Pope Francis, leader of the world’s 1.2 billion Catholics, ended a conference on sexual abuse on Sunday, calling for an “all-out battle” against a crime that should be “erased from the face of the earth.”
The December verdict followed a retrial. Three months earlier, the first trial for the same offenses had ended in a deadlocked jury that left some jurors in tears.
Pell’s lawyer Robert Richter, a theatrical 72-year-old well-known in Australia after taking on the defense in some of the country’s most high-profile criminal cases, had been confident since the pretrial hearings that this time he had a slam dunk defense.
Late in proceedings at the retrial, Richter introduced a new witness, a fellow criminal barrister and former altar server, who had a possible alibi for Pell. The witness said he had served at a mass in late 1996 and afterwards he and his mother had chatted with Pell on the front steps of the cathedral, which the defense said meant he could not have been in the sacristy at the time of the alleged offenses.
But under cross-examination, the former altar server could not remember the exact date, and his recall of other details was vague and partly contradicted another defense witness.
Richter brought out Pell’s heavy ceremonial robes, trying to demonstrate they could hardly be maneuvered to expose himself to the boys as the prosecution had alleged.
He had his star witness, a priest who had helped Pell conduct services, demonstrate how elaborately and tightly knotted the robe was around the archbishop’s waist.
There was also debate over whether the wine that the boys were caught swigging in the sacristy by Pell immediately before four of the offenses took place was red, as the accuser said, or white, as the court heard was preferred by the dean of the cathedral at the time, as the defense tried to pick holes in the victim’s account.

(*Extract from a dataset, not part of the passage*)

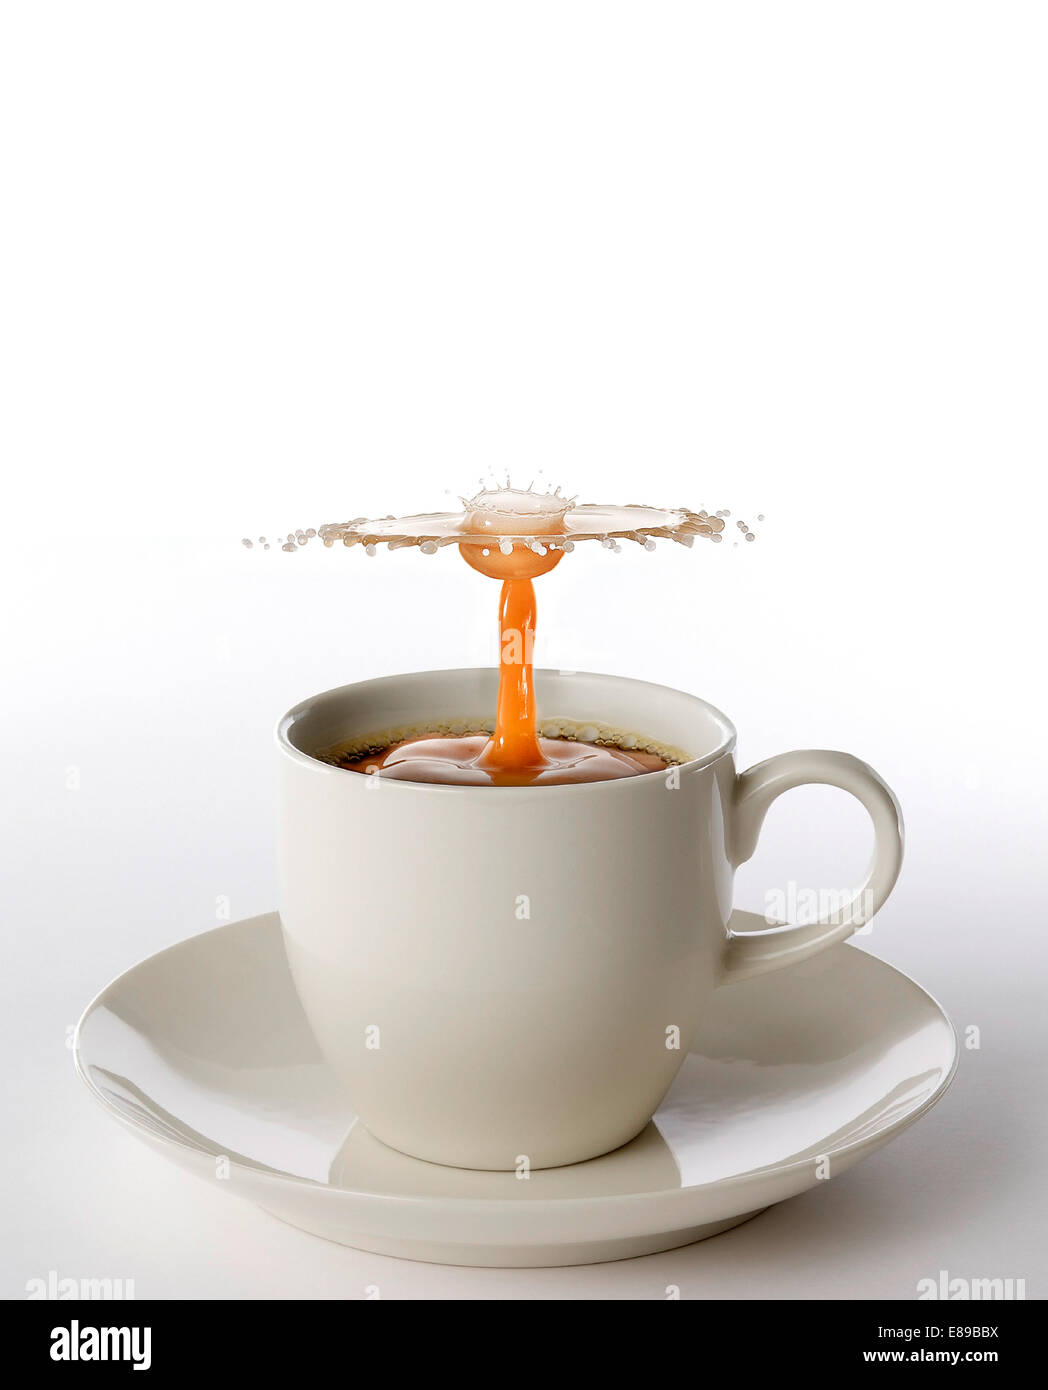 Le café et la crème qui se heurtent dans la tasse de café espresso, créant un design fluide et la forme. Banque D'Images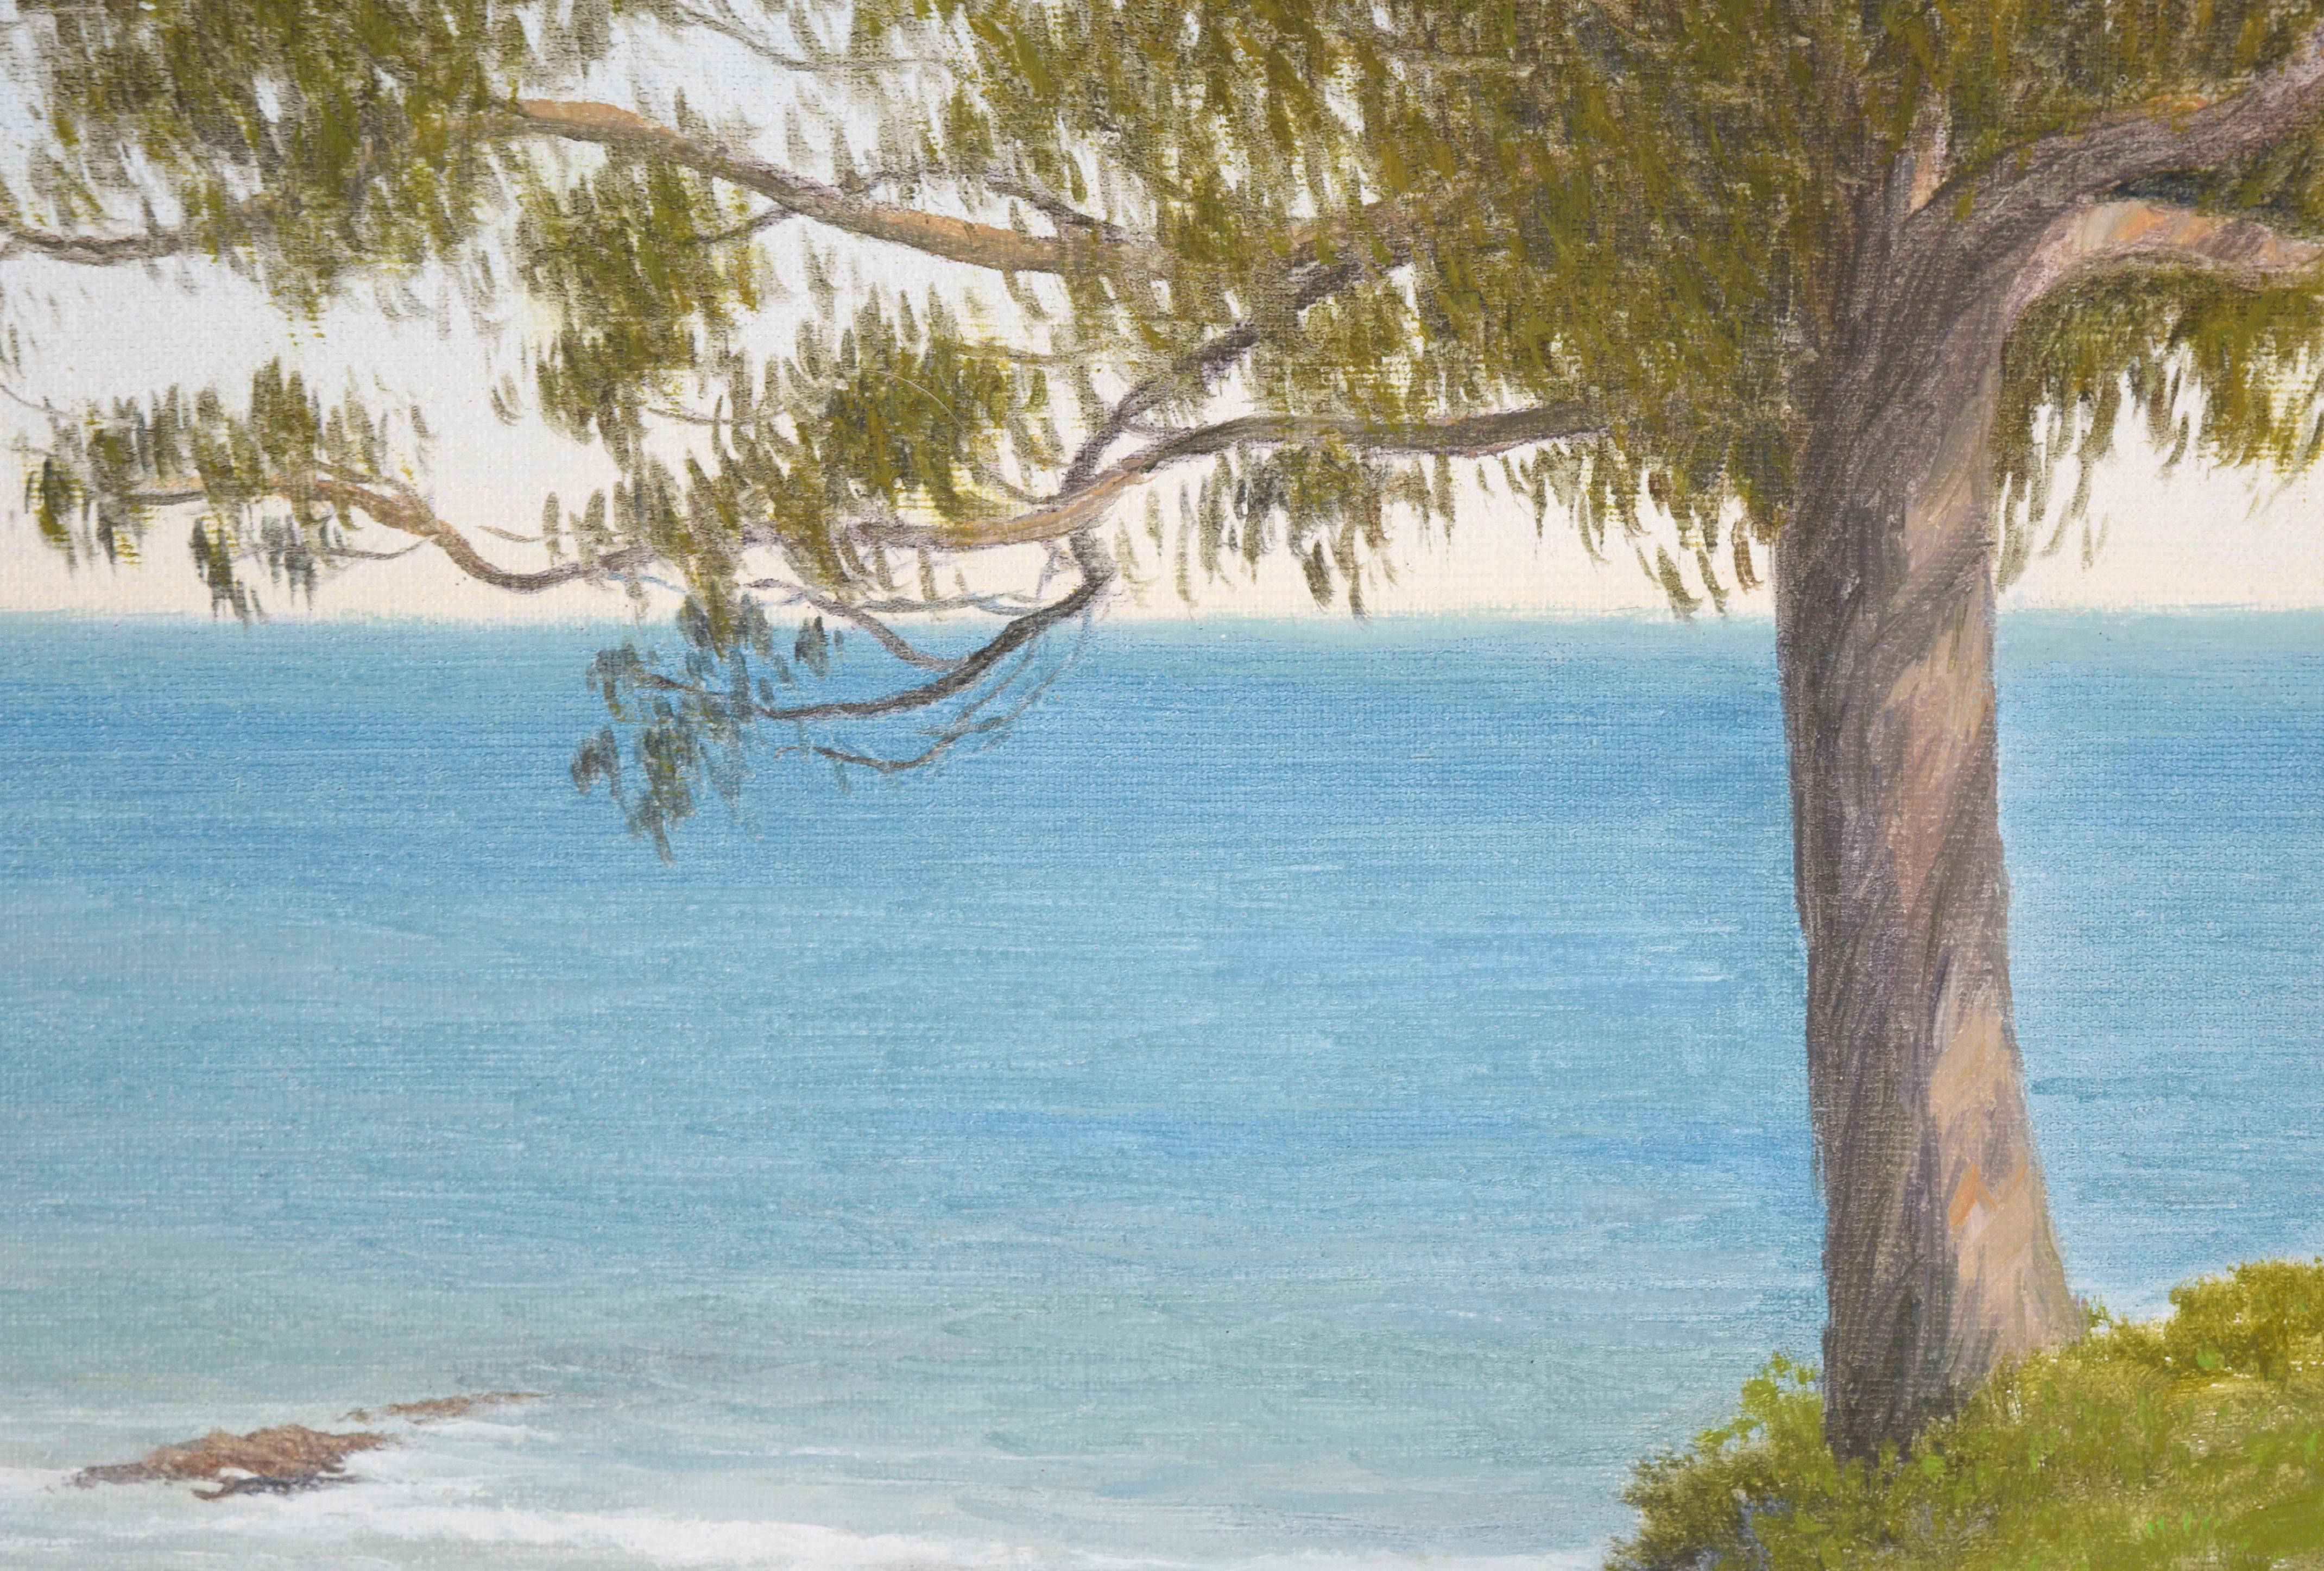 „West Cliff, Santa Cruz“ Küstenlandschaft in Öl auf Leinen

Ölgemälde einer Strandlandschaft von Max Flandorfer (Amerikaner, geb. 1962). Ein großer Eukalyptusbaum steht am Rande einer Klippe mit Blick auf das Wasser. Die Klippe ist mit grünem Gras

For his closing argument, Richter rolled out a PowerPoint presentation with dozens of bullet points spelling out why, he said, it would have been almost impossible for the alleged events to have occurred.
He reminded the jury of Pell’s strenuous denials.
“What a load of absolute disgraceful rubbish. Completely false. Madness,” the jury heard Pell tell police in a recording of an interview in a hotel room near Rome airport in 2016 played earlier in the trial.
“You could scarcely imagine a place that was more unlikely for committing paedophilia crimes than the sacristy of the Cathedral after mass,” Pell, who did not testify at either trial, said in the recording.
The jury was unswayed, returning a verdict of guilty on all five charges after hearing a prosecution case based entirely on the evidence given by Pell’s surviving accuser.
That testimony was the crux of both trials.
Reporters, Pell’s supporters and abuse survivors who had filled the small court for most of the trial did not see or hear the complainant’s two-and-a-half days of testimony and cross-examination by Richter, which was conducted by video link for the jury behind closed doors. It was later outlined to the court in comments by the prosecutor.
In his closing argument to the jury, prosecutor Mark Gibson, in a quiet voice, called the accuser’s evidence “powerful and persuasive.”
“He was not a person indulging in fantasy or imagining things to the point where he now believed his own imaginative mind, but was simply telling it as it was and is,” Gibson told the court.
Pell had appeared relaxed through most of his trial. Every day he sat in the dock, usually wearing a white shirt with a clerical collar, black pants and a beige jacket, writing on a large notepad and taking occasional sips of water. During breaks in proceedings he would chat with supporters.
But in the nine months since pretrial hearings began, Pell’s health had clearly deteriorated.
Judge Peter Kidd extended bail after Pell was convicted so he could have double knee surgery in Sydney on Dec. 14, which had been postponed after the first trial.
Pell’s lawyers will now be counting on an appeal filed last week to keep him out of jail.